59 thoughts on “Opinions on Furniture

  1. I totally agree with you on the level of consumption. These pieces have all paid their environmental dues long ago. I say the same about our old cars. I think there are some buts though. First of all, quite a bit of antique brown furniture is too big for modern homes. Second, a lot of old chairs and couches were not comfortable when they were new, much less now. I’ve stayed in gites that were furnished with granny’s furniture after she went into the nursing home. Frankly, that can look just as cheap as the repro stuff.

    I think part of the problem too is that people have an expectation these days that everything matches. In order to do that you have to buy from the same store, all at once, or a reliable chain like IKEA which will have the same line for at least a few years.

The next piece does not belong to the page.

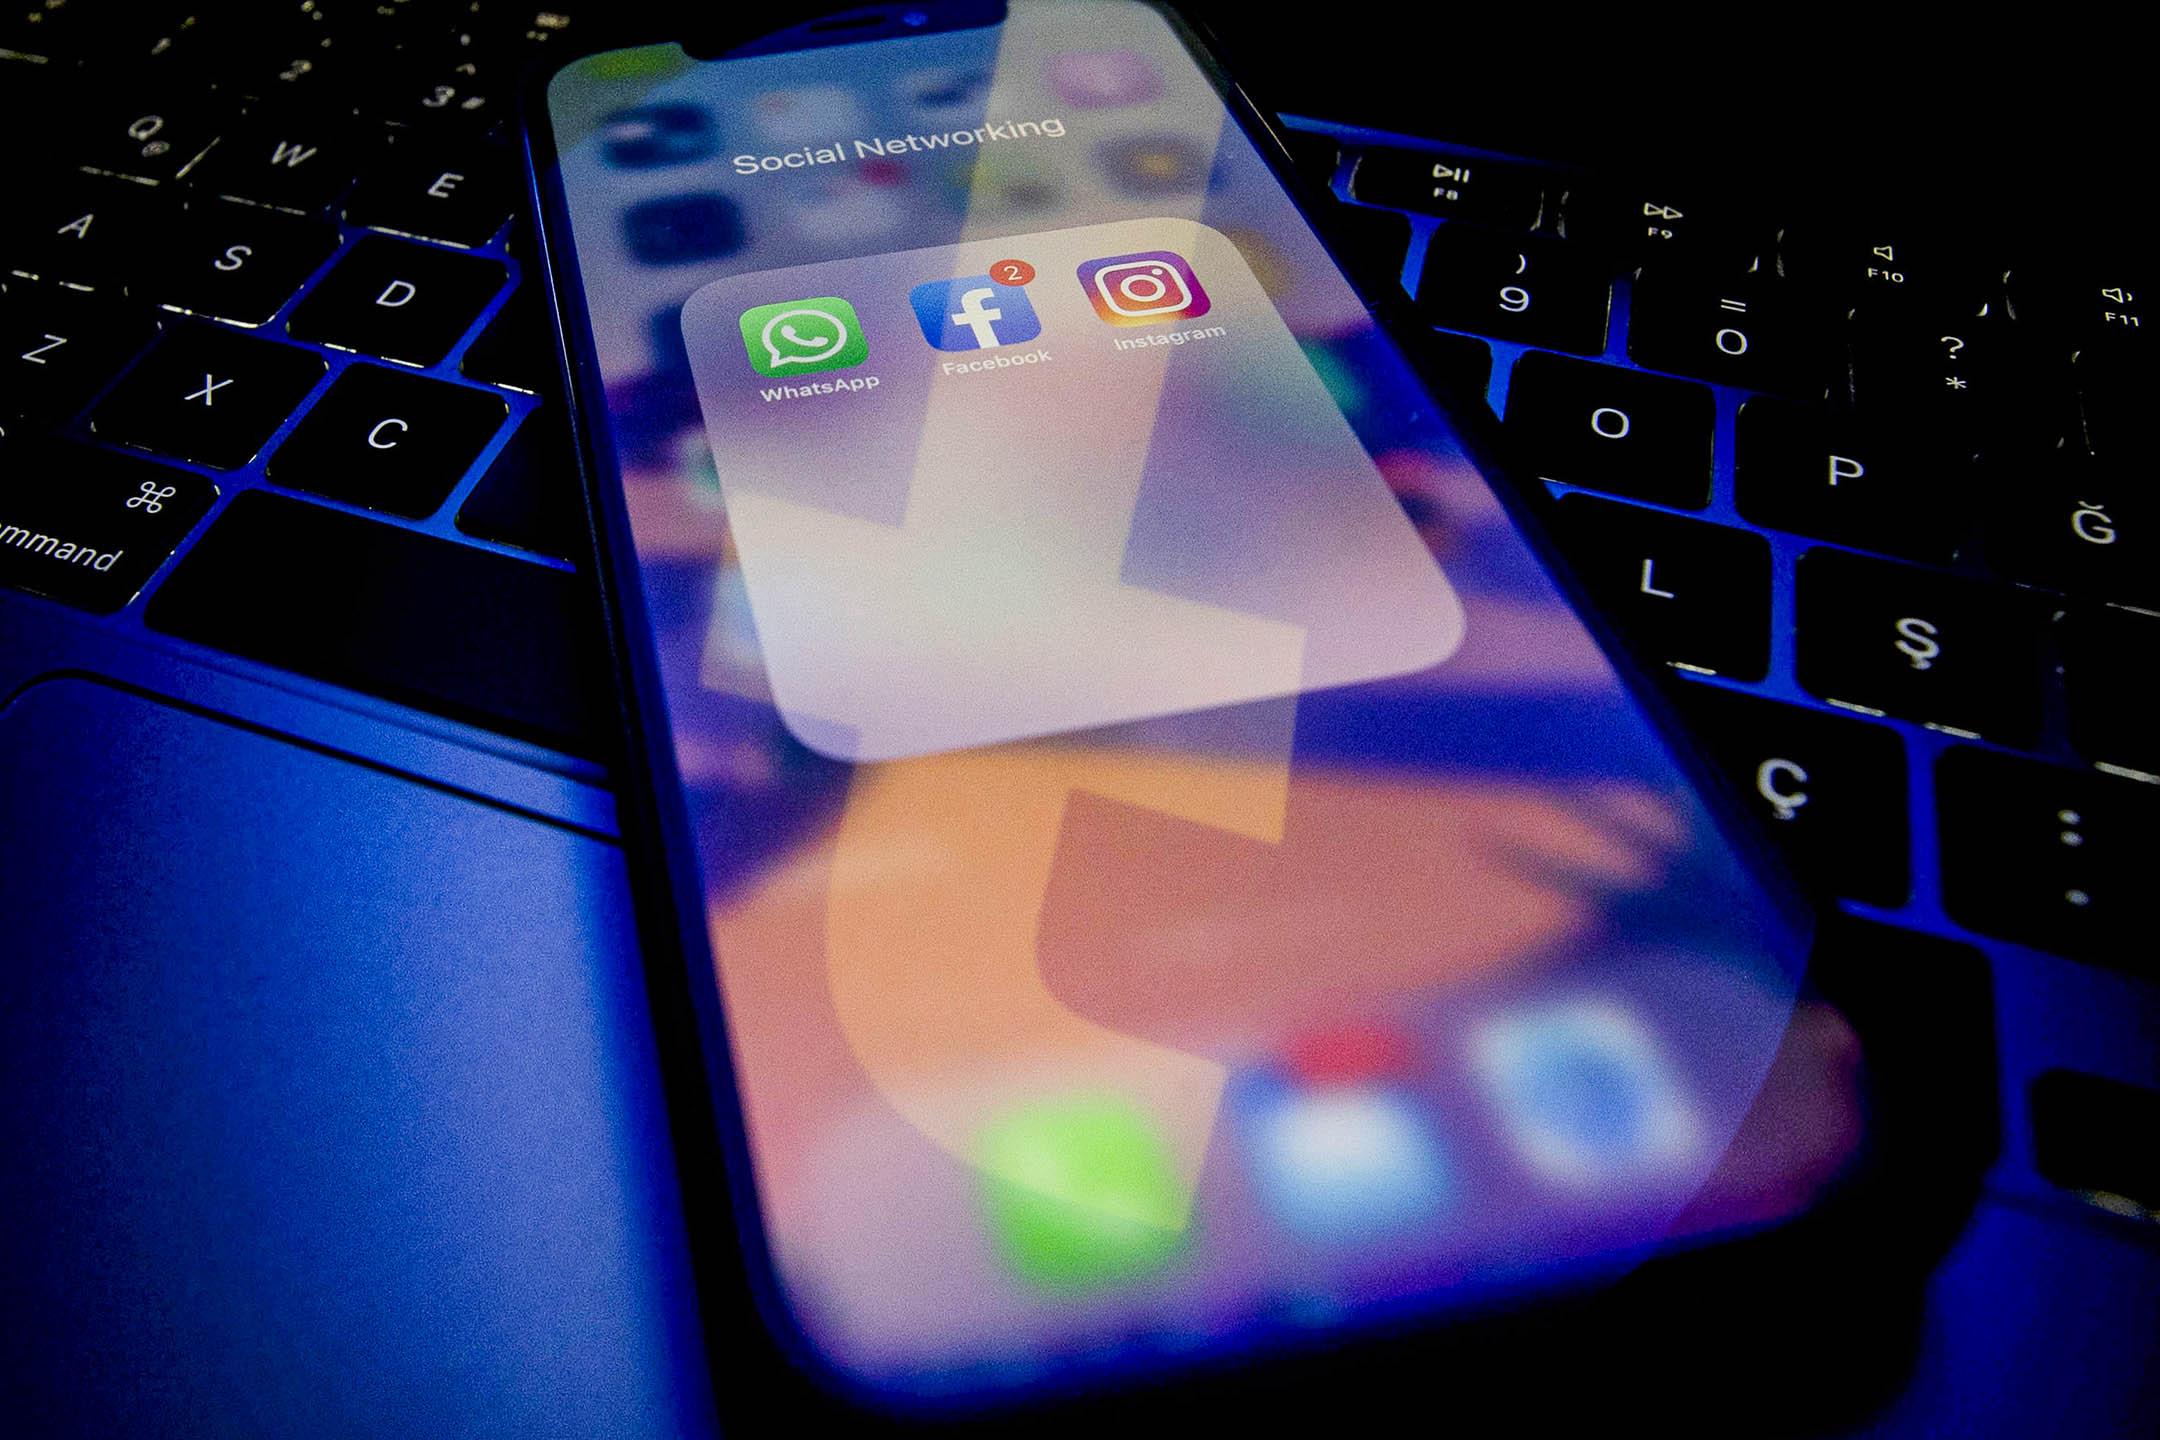 2021年10月4日,社交媒體應用程序Instagram、Facebook 和 WhatsApp在智能手機屏幕上。 攝:Ercin Erturk/Anadolu Agency via Getty Images

    (This is an extract, to see if it tells me again that it’s a duplicate…)

    Liked by 1 person

    1. This came through!
      Yes, cheap old furniture looks as bad as cheap new furniture.
      The size of homes, though, keeps getting bigger while households keep getting smaller. But it isn’t cool to have them stuffed with too much furniture.

      Liked by 1 person

  2. I too do not understand the reasoning behind the cry about the amount of rubbish going to landfill but the ongoing purchase of cheap hideous furniture. I also do not understand why people need to be ‘influenced’. I admit to buying a new wood table because our dining room isn’t the right size for any of the beautiful wood tables we liked. We did buy a sideboard at a charity shop with the most gorgeous hand made 1920’s bamboo handles for $50! Our bedside tables are 1930’s also from the charity shop, the carving is gorgeous. Our daughters all have the same house with a couple of décor exceptions and I am so sorry to say that they are all very uncomfortable. I rescued a beautiful glass cabinet from the side of the road, lucky for us the glass doors and sides were still intact but not the shelves but we found a man who cut perfect shelves and bevelled the edges. The generation setting up house now will regret all having the same ‘look’ but by then too many of the fabulous old wood pieces will be gone. Pour me a glass of red!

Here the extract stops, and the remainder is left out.